A 2007 study by New York University’s Furman Center for Real Estate and Urban Policy (based on 2006 data) found stark racial differences between New York City neighborhoods where subprime mortgages were common and neighborhoods where they were less common. The subprime mortgages are a key index because they often have higher interest rates, fees and penalties. So it should come as no surprise that the NYU researchers noted households in black or Hispanic neighborhoods were more likely to have more expensive home loans than whites.


So what can—and should—be done about this?

Jakabovics and Chapman recommend a federal inquiry by Neil Barofsky, special inspector general for the Treasury’s Troubled Asset Relief Program (TARP), which administered the federal bailout of overreaching banks. That’s a start toward insuring that taxpayers’ money doesn’t support discrimination.


The authors also call for an independent regulator on consumer protection to safeguard against unfair lending practices. Not a bad idea, either. A fierce watchdog is needed to enforce anti-discrimination in the financial sector.

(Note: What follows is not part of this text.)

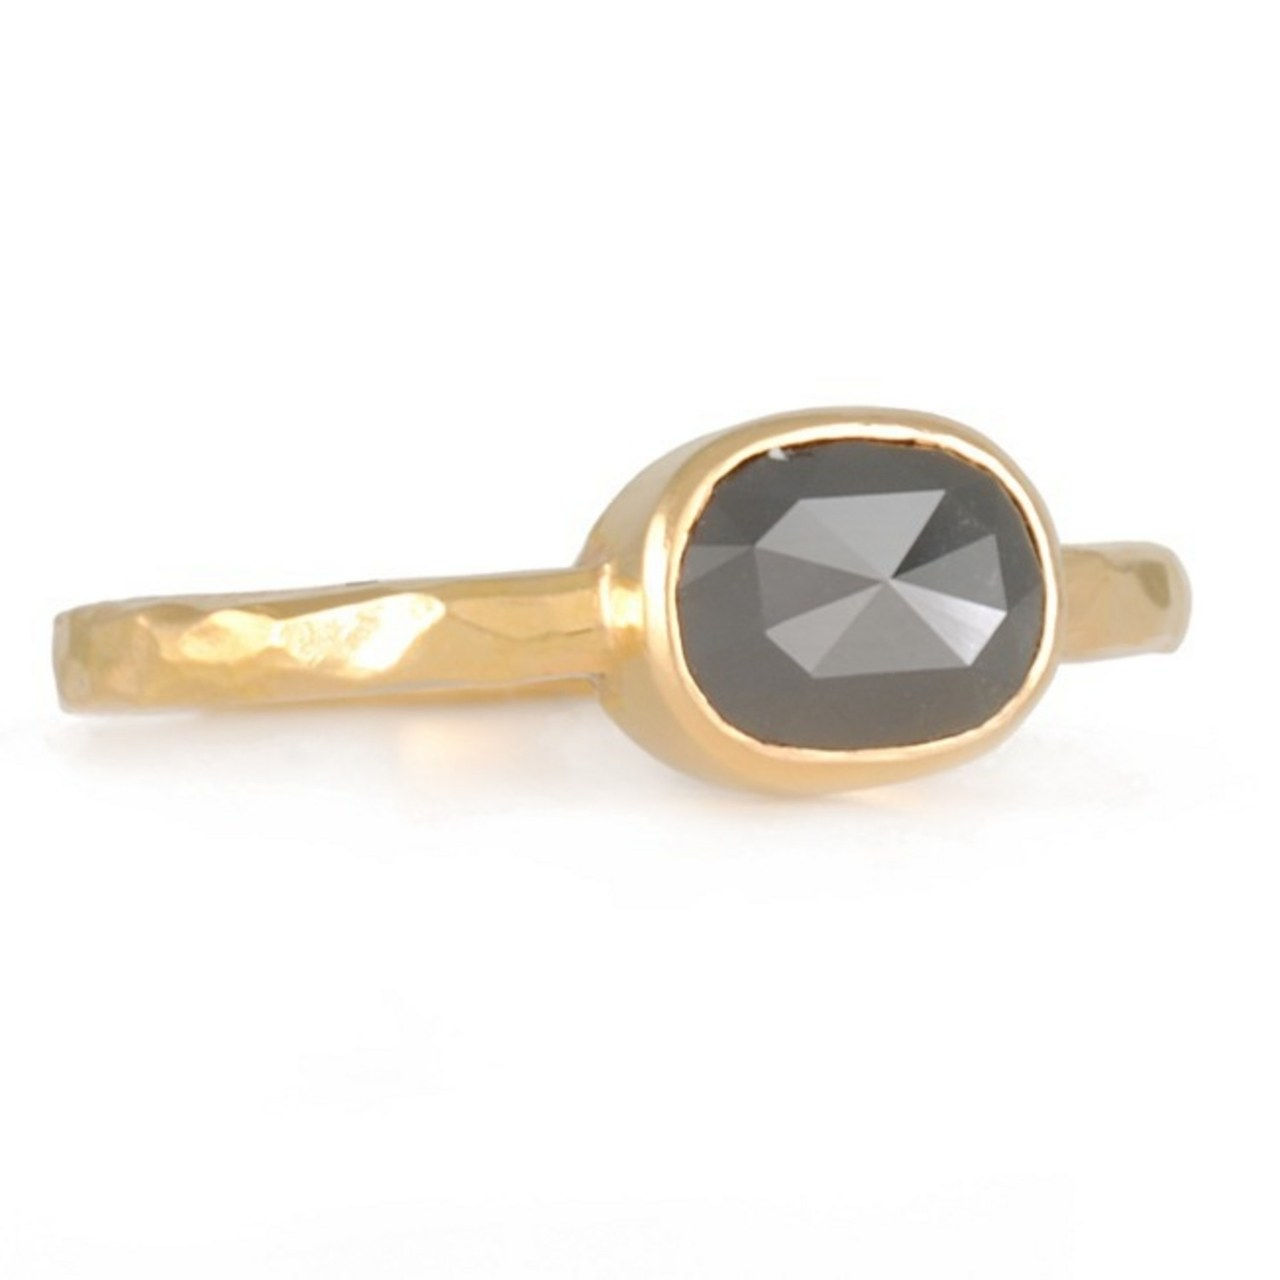 1 engagement rings inspired by kat von d black diamond skull 1218

But minority mortgage seekers can arm themselves with knowledge about how the process works and be willing to ask—and walk away if offered a loan that seems too costly.


Indeed, now that these banks are under federal TARP supervision, the Federal Reserve has not just the right but the duty to scrutinize the banks’ books and make public far more information than what is currently available under the Home Mortgage Disclosure Act.

Data such as credit scores, assets, loan-to-value ratios and other indebtedness that contribute to lending decisions wasn’t available to the authors, so they were wary of making sweeping assumptions about the reasons for the racial disparity in their findings.


“Without that backup data, we can’t say whether this is overt discrimination on the part of the banks,” he said. “But, at most, we can say these findings raise red flags that should be looked at by federal regulators.”

With the TARP bailout as an ace in the hole, the Federal Reserve has the power to make the banks’ lending decisions crystal clear. They should do just that.


Sam Fulwood III, a senior fellow at the Center for American Progress, is a regular contributor to The Root.